■ **Task prompt**:
Go through the records below and set each one down exactly, leaving out any pictures.

========================================================================

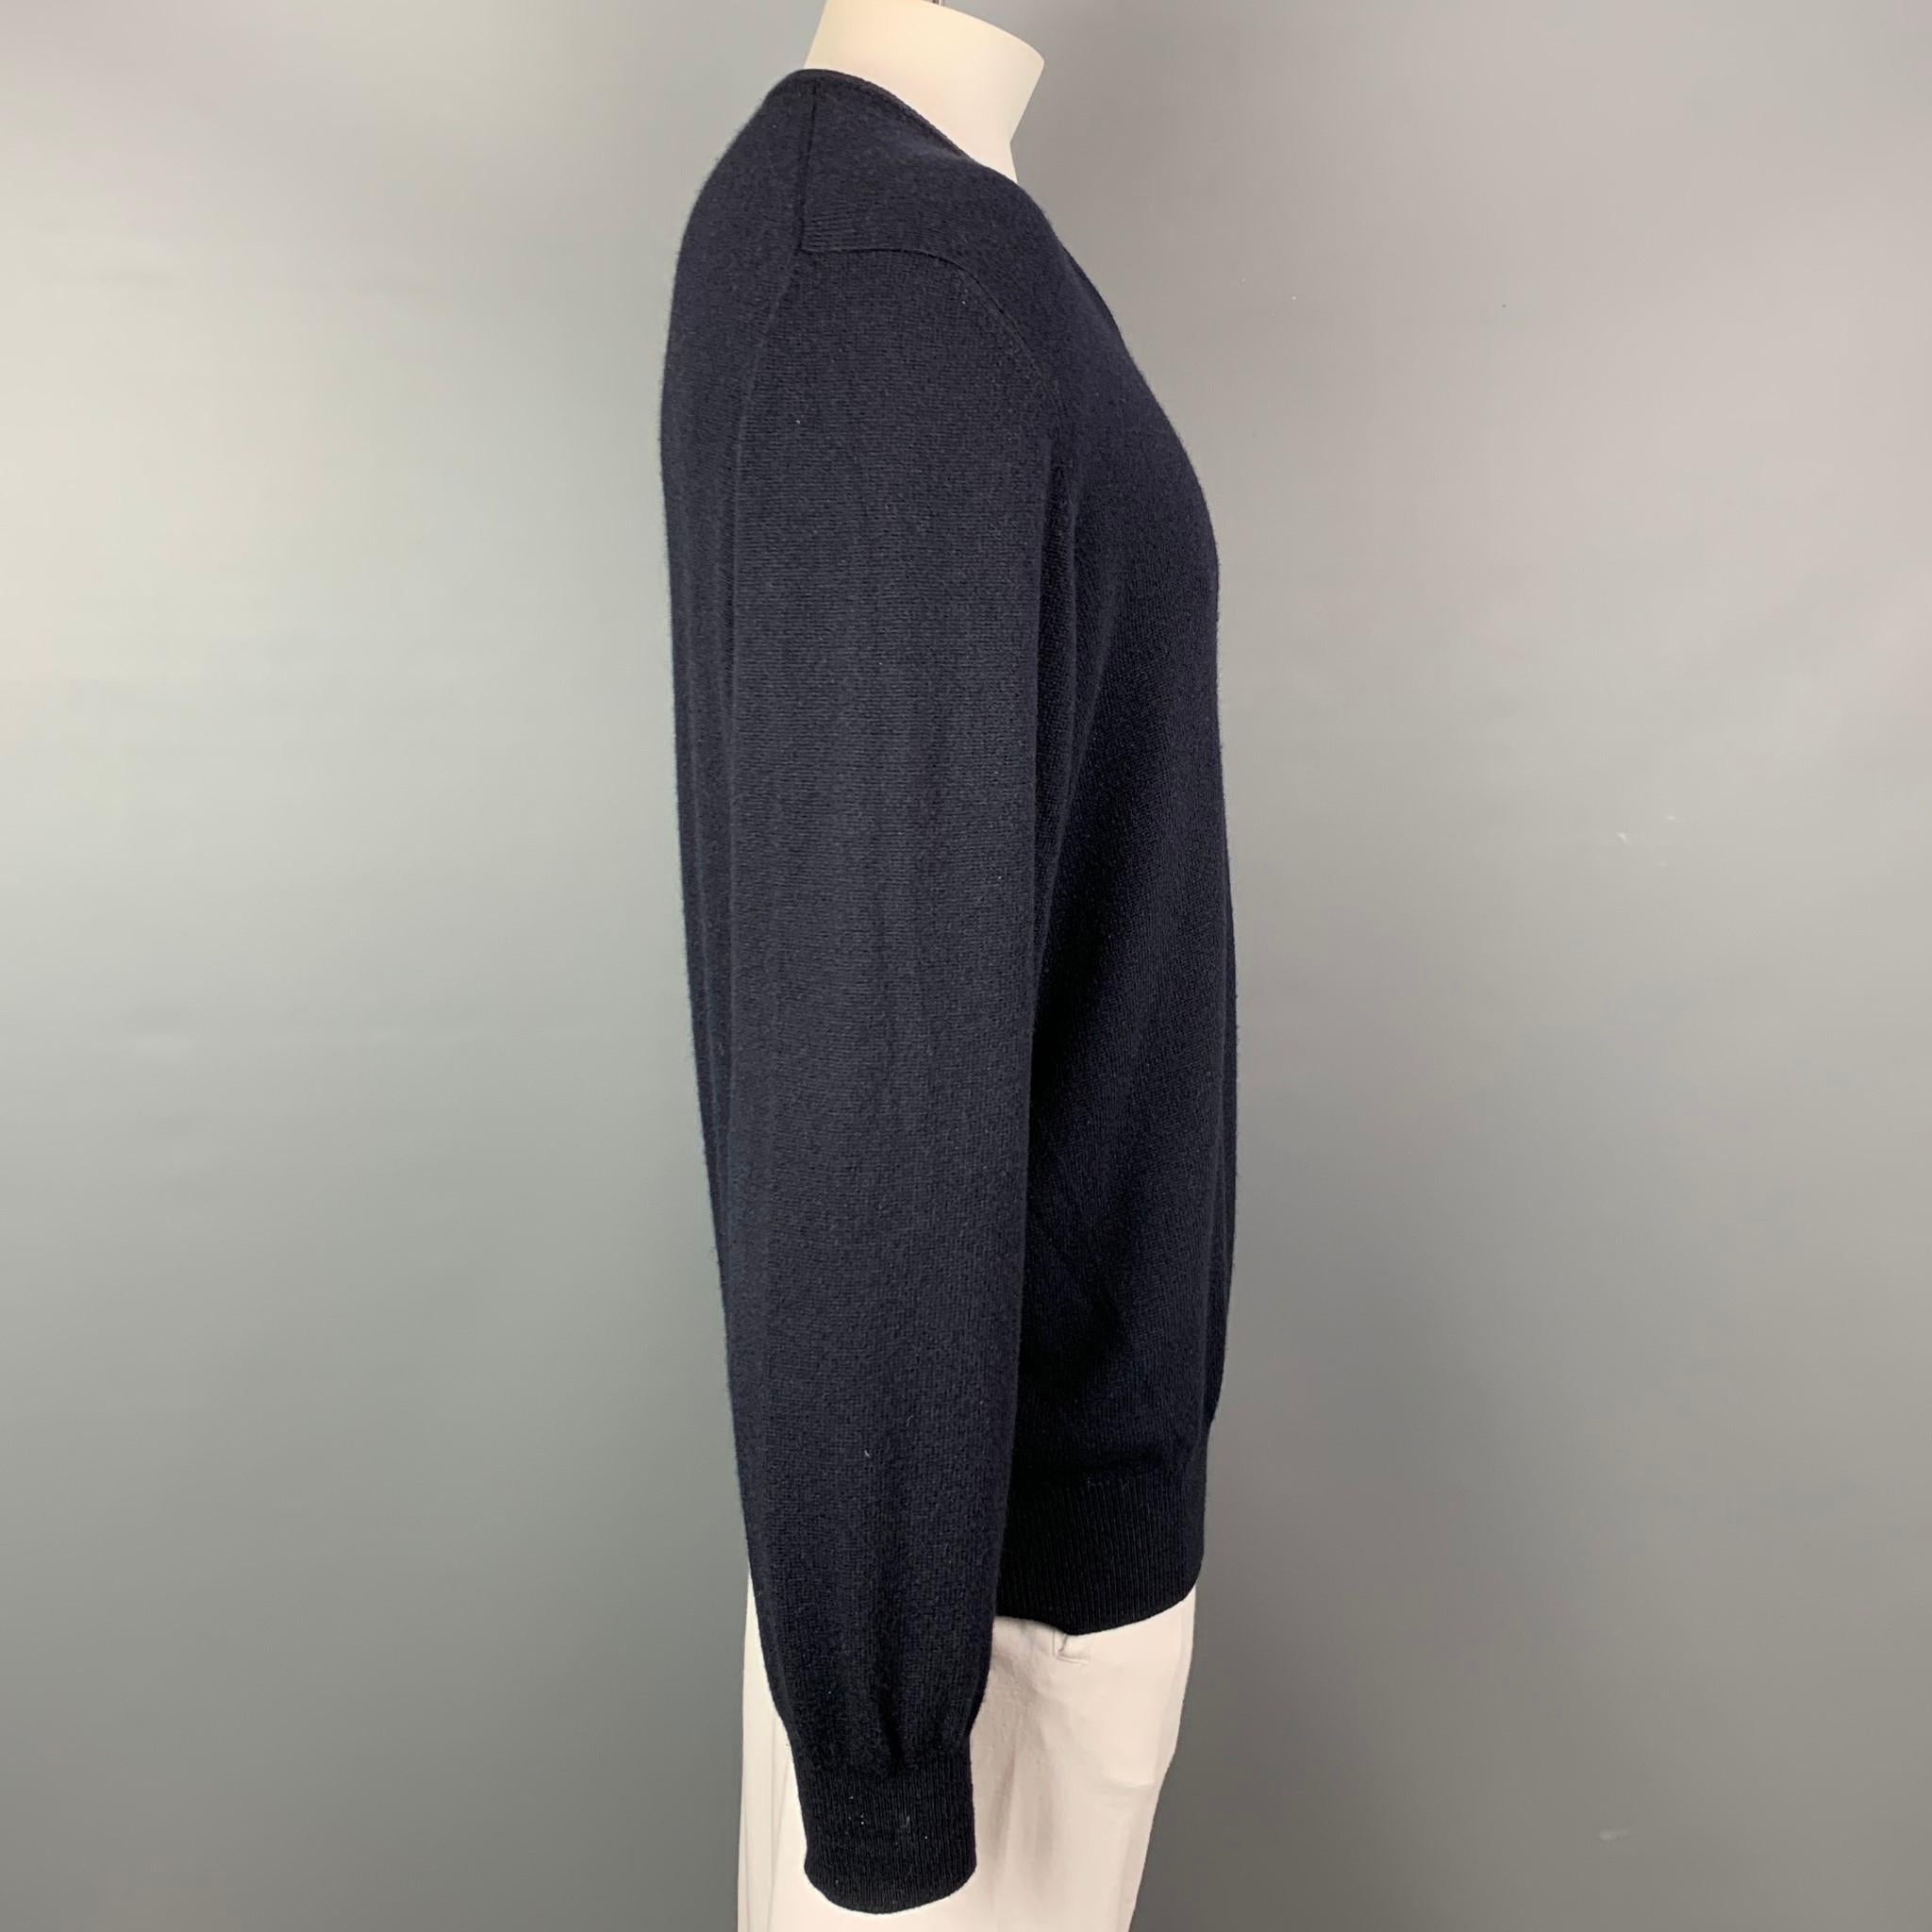 BROOKS BROTHERS sweater comes in a navy cashmere featuring a ribbed hem and a v-neck. Made in Scotland.

Very Good Pre-Owned Condition.
Marked: XL

Measurements:

Shoulder:  21 in.
Chest: 48 in.
Sleeve: 29 in.
Length: 29.5 in. 
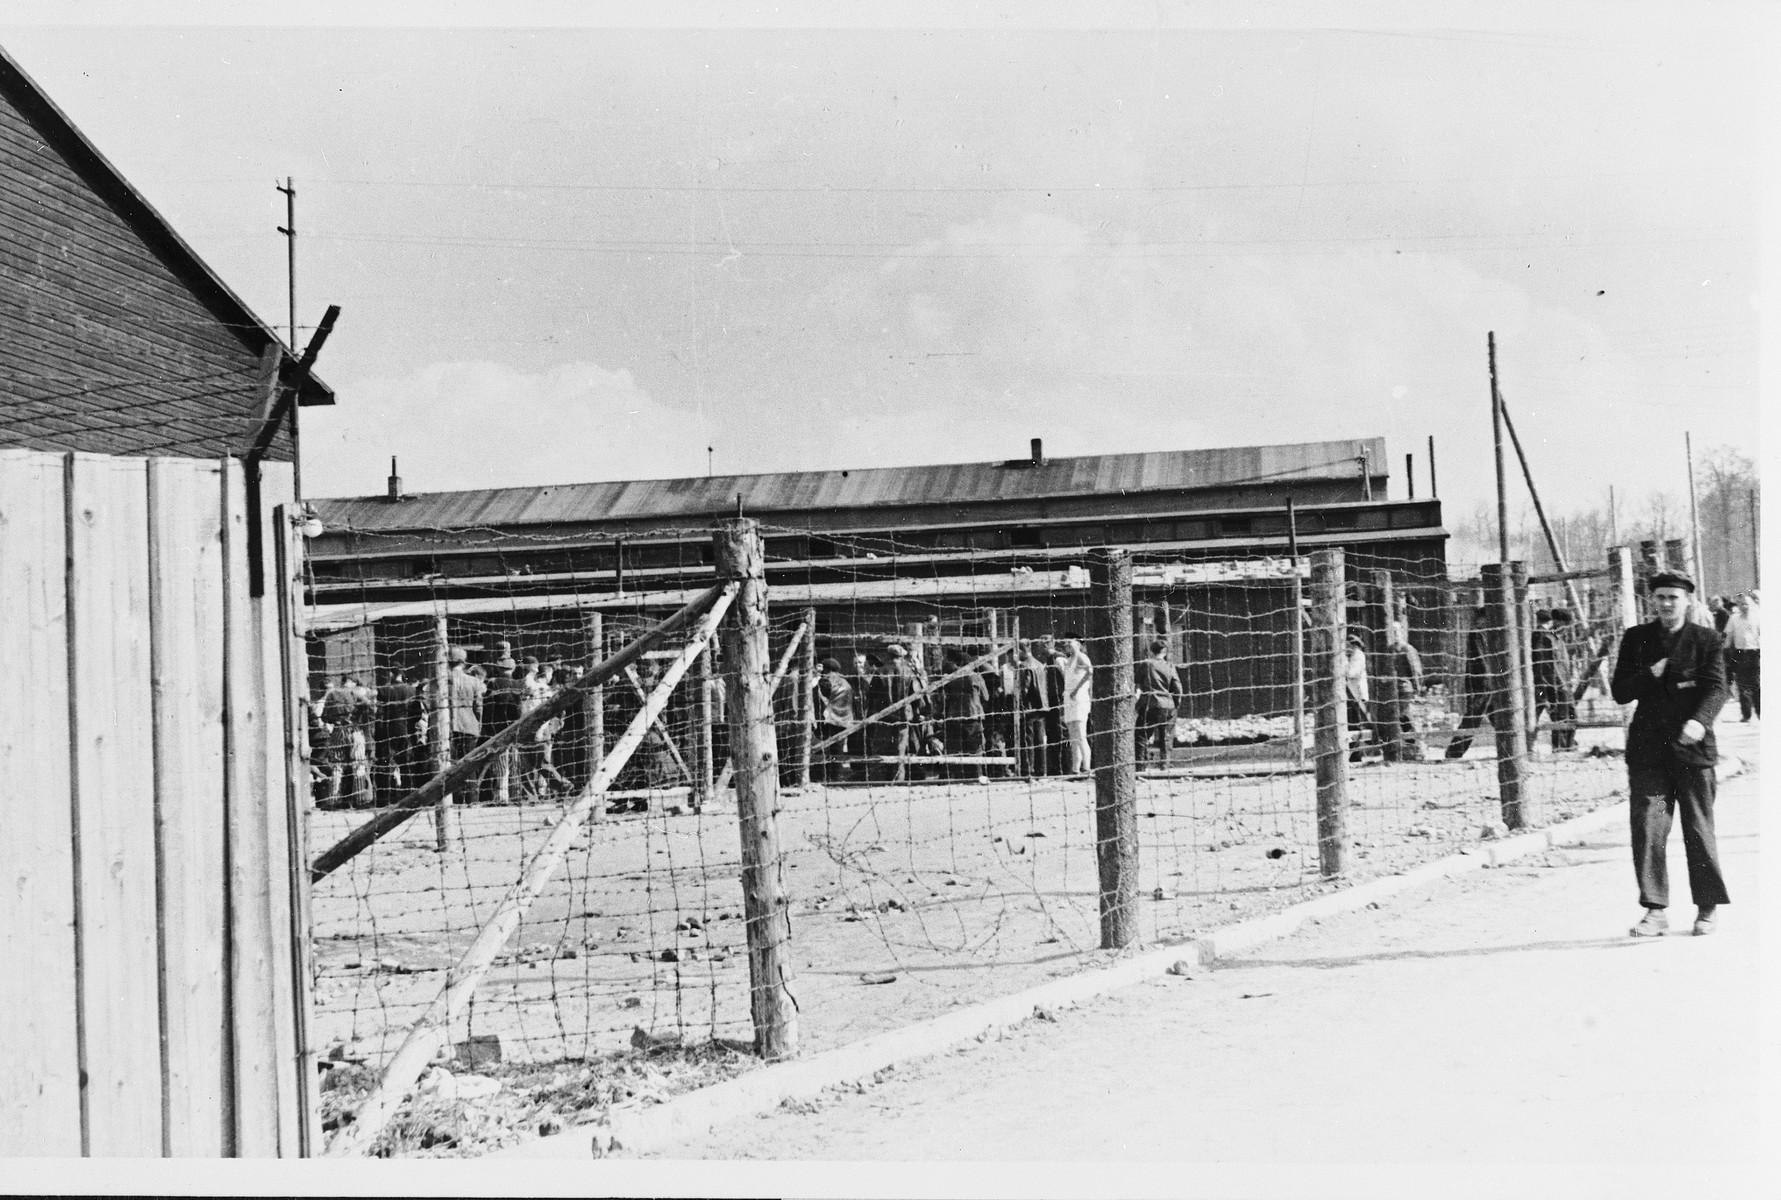 View of a fenced off section of the Buchenwald concentration camp soon after the liberation.
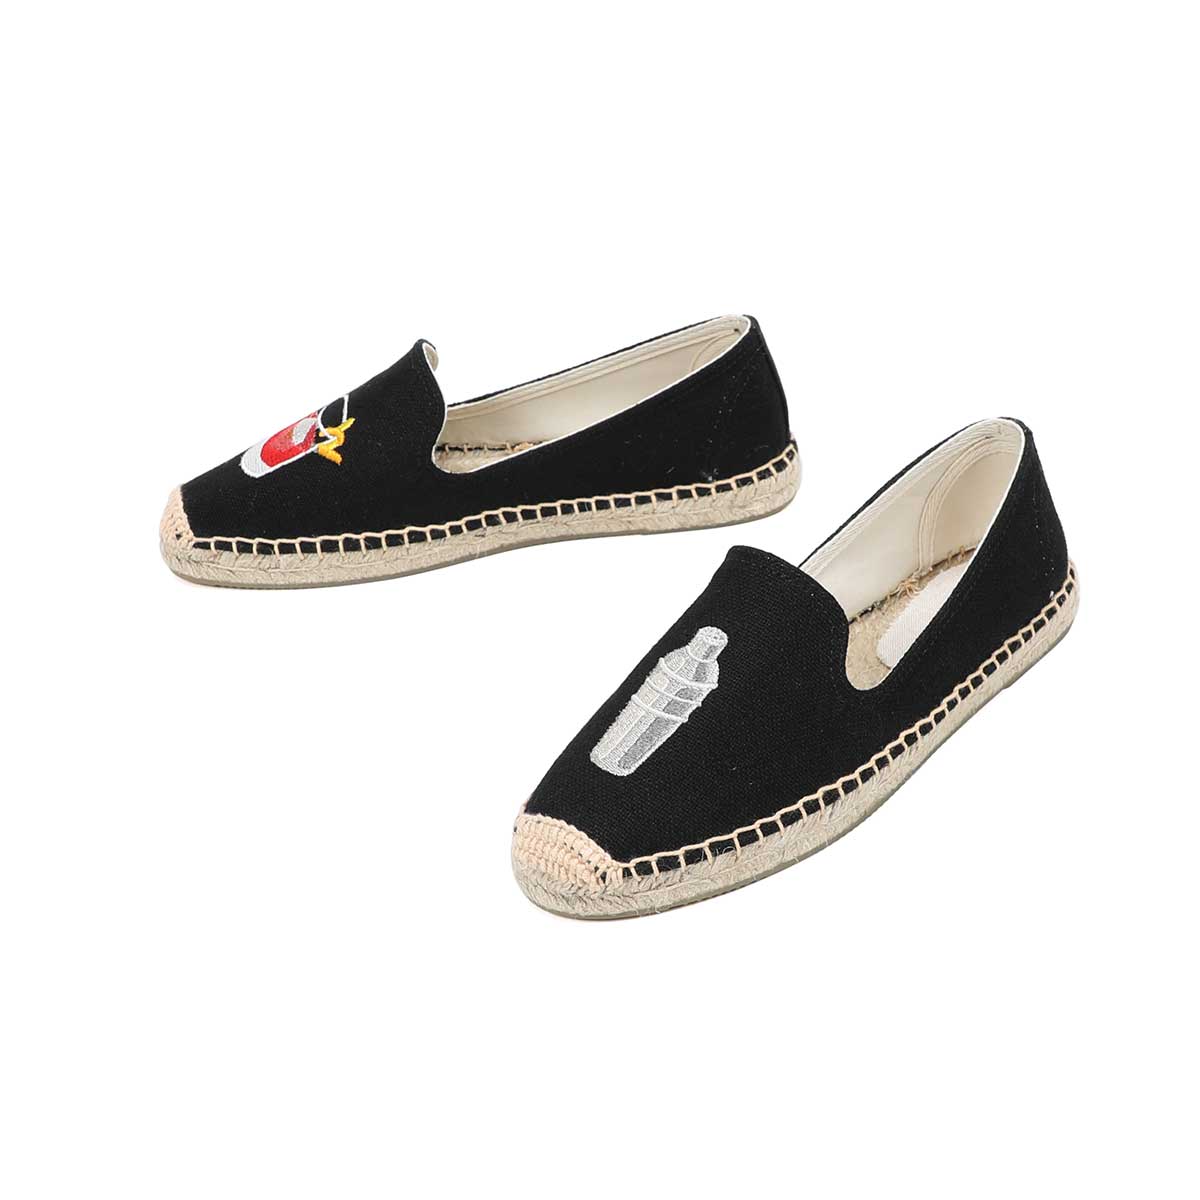 2022 new comfortable all-match flat ladies fisherman shoes round toe shallow mouth slip-on canvas shoes casual mules

========================================================================

■ **Task solution**:
 BROOKS BROTHERS sweater comes in a navy cashmere featuring a ribbed hem and a v-neck. Made in Scotland.

Very Good Pre-Owned Condition.
Marked: XL

Measurements:

Shoulder:  21 in.
Chest: 48 in.
Sleeve: 29 in.
Length: 29.5 in. 
 View of a fenced off section of the Buchenwald concentration camp soon after the liberation.
 2022 new comfortable all-match flat ladies fisherman shoes round toe shallow mouth slip-on canvas shoes casual mules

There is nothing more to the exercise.